As comunidades de Barra e Bananal, oficialmente certificadas como remanescentes de quilombo em 1999, se constituem em meio a esse cenário marcado pela exploração escrava e preconceito racial. Sua composição histórica escravo-descendente é pouco evidenciada nas narrativas dos moradores, de modo que, por vezes, é apagada uma possível associação com a escravidão na região, sendo referenciadas outras origens.

Dentre os mitos fundacionais, Capinan (2009) destaca, a partir de relatos de moradores, duas versões divergentes. A primeira remonta ao período anterior à chegada dos bandeirantes, segundo a qual os primeiros moradores seriam sobreviventes de um naufrágio de navio escravo e teriam seguido o curso do rio, fixando-se em diferentes áreas da Chapada Diamantina. Quando os bandeirantes chegaram e povoaram a região de Mato Grosso, encontraram esse povo escondido, que passou a ser escravizado em troca de roupa e comida. O presidente da Associação de moradores, um dos informantes entrevistados, destaca o preconceito racial e a segregação sofridos por esses escravos que eram usados exclusivamente para o trabalho, sendo obrigados a retornar à sua terra ao fim do serviço. A segunda versão, contada por uma informante de 68 anos, nega claramente a gênese escrava da comunidade:

Escravo não tinha tempo de fugir não. Escravo era... escravo quando sai do serviço era pé amarrado e braço. Aí ó, tá amarrado. Quando fugia um, era disnortiado [sic]. Não ia fugir de Rio de Contas mais Livramento pra ficar aqui não. Ele ia pra outro lugar mais distante.51 (CAPINAN, 2009 p. 44).
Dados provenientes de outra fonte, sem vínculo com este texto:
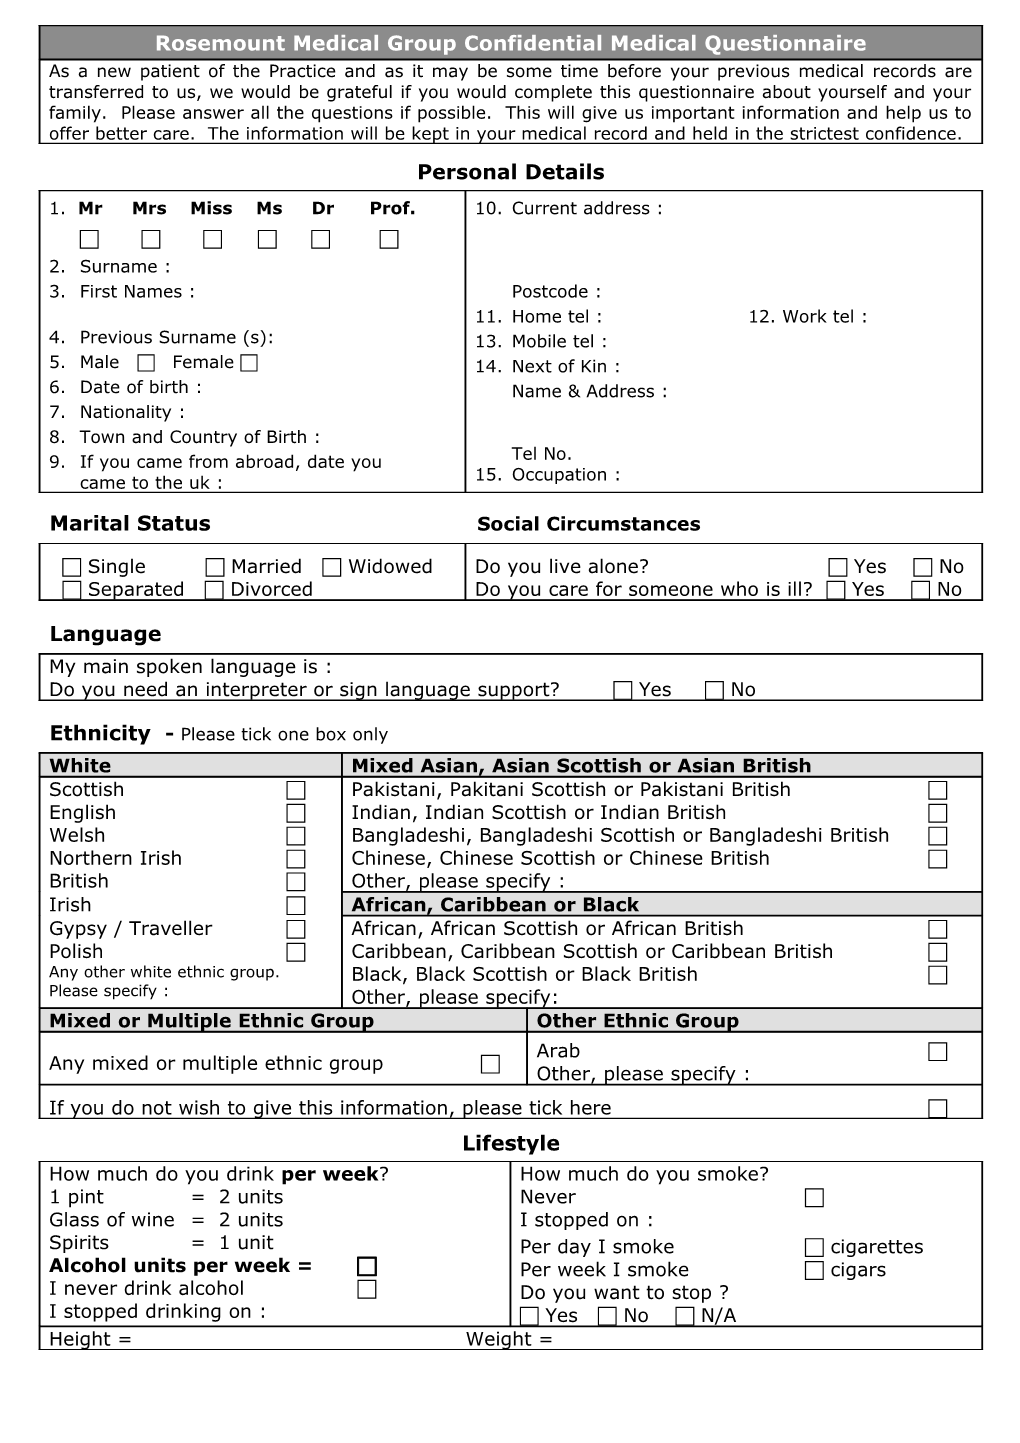 Rosemount Medical Group Patient Registration Form

Essa versão associa a fundação da região à exploração garimpeira, descolando sua formação de um passado escravo. Para Capinan (2009), destaca-se, no mito e no comportamento dos informantes durante as entrevistas, o fato de resistirem a um suposto passado escravo na gênese da comunidade.
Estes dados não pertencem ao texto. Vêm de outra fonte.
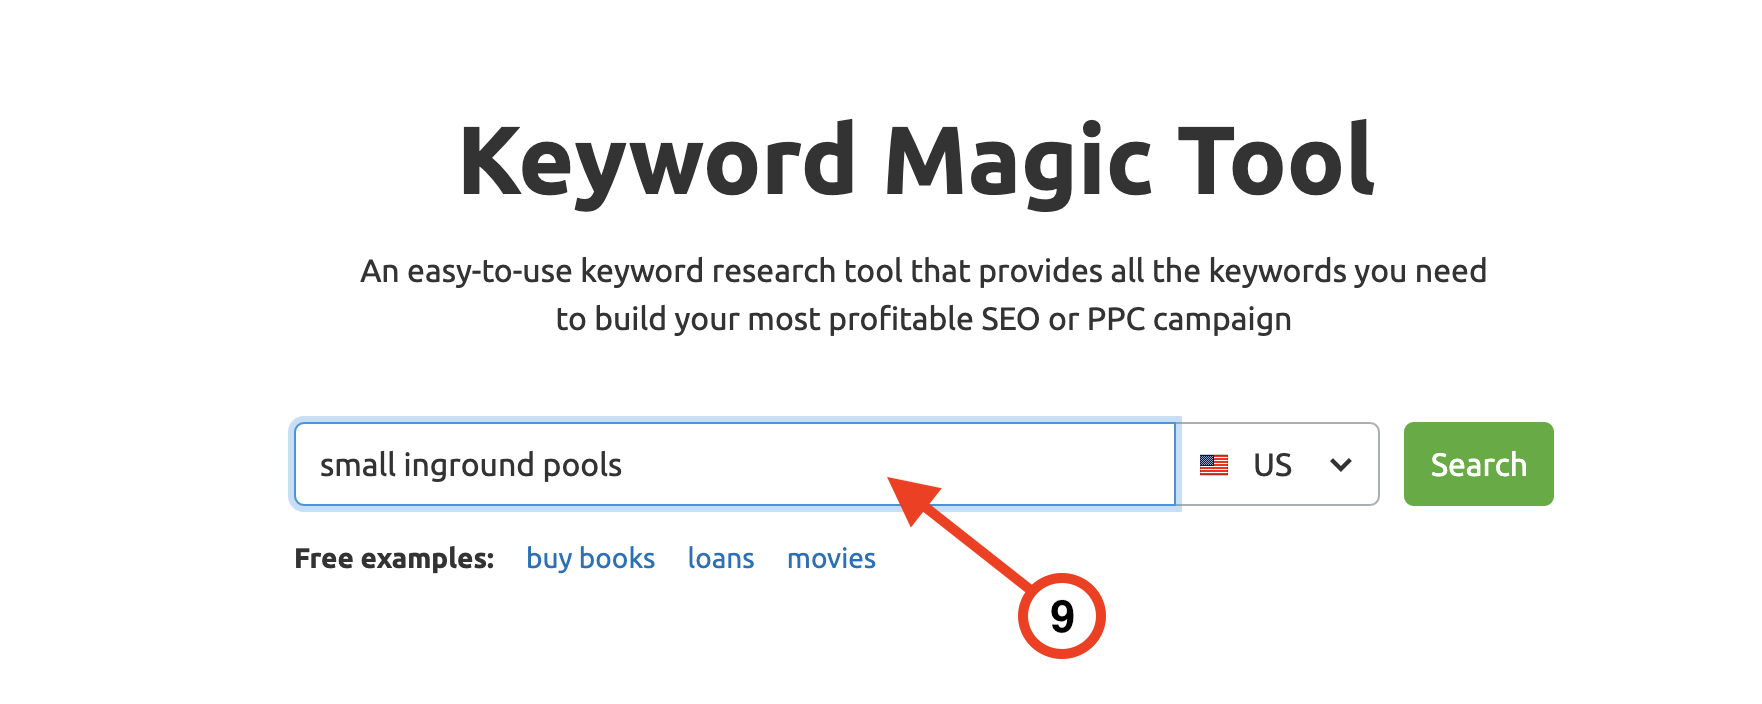 Keyword Magic Tool seed keyword

51 Relato colhido por Ubiraneila Capinan com moradores locais em sua tese dissertação de mestrado: CAPINAN,

Ubiraneila. O quilombo que renasce: estudo de caso acerca dos impactos da política pública de certificação e de titulação do território sobre a identidade étnica dos quilombos remanescentes Barra e Bananal em Rio de Contas, Bahia. 2009. 205 f. Dissertação (Mestrado em Ciências Sociais) – Universidade Federal da Bahia, Salvador, 2009.

Em certa medida, a análise de Capinan (2009) sobre o processo identitário das comunidades, revela que, após a abolição da escravatura no Brasil, “a presunção negra era manipulada depreciativamente pelo outro”. Em Rio de Contas, isso se acentuara de tal forma que ao negro restou a definição de um status social inferior se comparado com pessoas brancas, com fortes manifestações de preconceito racial. Para o autor, “é presumível que a escravidão, melhor dizendo, a possibilidade de antepassados terem sido subjulgados a essa condição, foi elaborada de forma a se constituir em amnésia estrutural” (CAPINAN, 2009, p. 142). Isso justificaria a evasão ao tema e a negação da ancestralidade escrava por parte de alguns membros da comunidade.

Atualmente, alguns fatores comprometeram o relativo isolamento da comunidade, como as relações com o entorno, ocasionadas pelo desenvolvimento turístico do município; a assunção de valores do catolicismo, religião predominante; e os incentivos advindos do reconhecimento como comunidade quilombola. Os incentivos chegam sob a forma de infraestrutura local e também como apoio concedido por Organizações não governamentais (ONGs) na educação de jovens, estimulados a frequentar a universidade dentro e fora do país (Cuba). Obviamente, esses fatores afetam também as trocas linguísticas, motivando a incorporação de alguns traços externos.

No entanto, de acordo com Lucchesi et al. (2009), no ano da gravação das entrevistas, a comunidade ainda preservava algumas características que revelam certo grau de isolamento, tais como a agricultura de subsistência, a endogamia e as condições precárias de saneamento e educação. Além disso, a forte manifestação do preconceito racial teria dificultado, no passado, o estreitamento da integração linguística desses indivíduos com as comunidades do entorno. Esse isolamento, motivado por diferentes fatores, pode ter afetado a constituição do português da comunidade, deixando marcas que nos fornecem evidências linguísticas interessantes.